Alternative service arrangements

  1. Conscientious objectors accepted for alternative service are assigned for 36 months to an “alternative service training centre” within a “correctional facility”. In effect they are still sent to prison, with only their nominal status distinguishing them and their work from convicts. It has been argued that the service is thus in its very nature punitive (3).
  2. In the communication already quoted, the Special Rapporteurs express concerns aboutthe nature of the alternative service:

“As indicated by the Human Rights Committee, the alternative service must be a real service to the community and compatible with respect for human rights. While it is not contested that service in penitentiaries, detention centers, [etc] constitutes work of real service to the community, we express certain concerns relating to the exclusive emphasis on places of detention. In particular because many conscientious objectors might be transferred from a situation of incarceration to a situation where they perform service in prisons. Furthermore, despite draft article 17 (2) 1 excluding activities which require the use of arms or weapons, activities which entail the use of force against other individuals is not excluded. [In its reply dated 12th February 2020, the State answered this by reference to Article 16.2.] We note that in order to ensure that alternative service is of real service to the community and ensure the dignity of alternative service members, alternative service should take into consideration the competencies and preferences of the alternative service member.”

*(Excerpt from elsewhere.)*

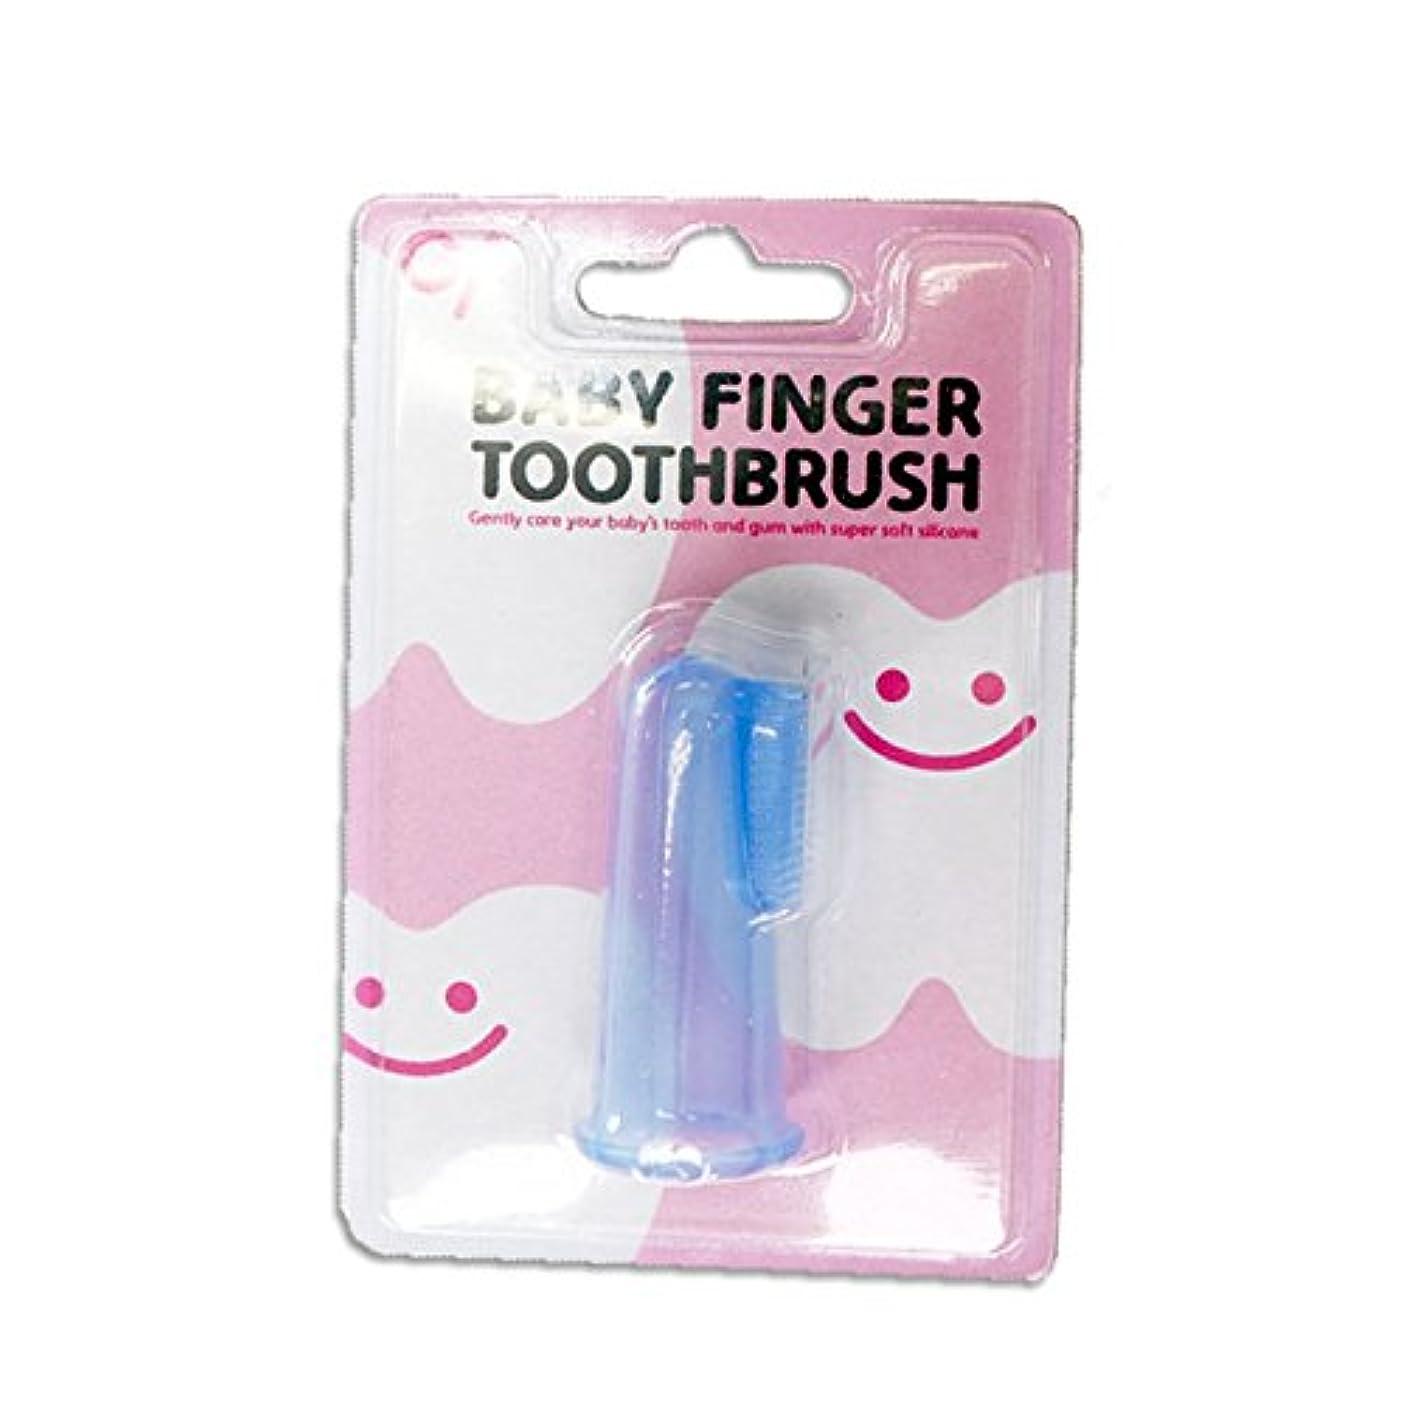 滑り台安息肯定的ベビーフィンガートゥースブラッシュ ベビーフィンガー歯ブラシ 12個入り BABY FINGER TOOTHBRUSH

  1. We therefore suggest that Article 17 be amended, for example in the following way:
    “(1) Alternative service members shall perform services in the public interest. These services shall not entail the use or management of weapons or the use of force, or that would otherwise be contrary to international human rights law. (2) In the assessment of the placement of alternative service members, including the agency and post of the service member, the competencies and preferences of the alternative service member shall be taken into consideration. (3) Agencies which may receive alternative servicemen shall be designated by Presidential Decree”
  2. They note also that the duration f alternative service, twice that of military service, is also punitive. “There does not seem to be any objective justification [for this discrepancy] To be compatible with the Covenant, any unequal treatment on the basis of belief must be based on objective grounds, and be necessary and proportionate. The failure to provide such a justification is not only contrary to Article 26 of the Covenant, but also considered a punitive measure in violation of Article 18 (1).” (4)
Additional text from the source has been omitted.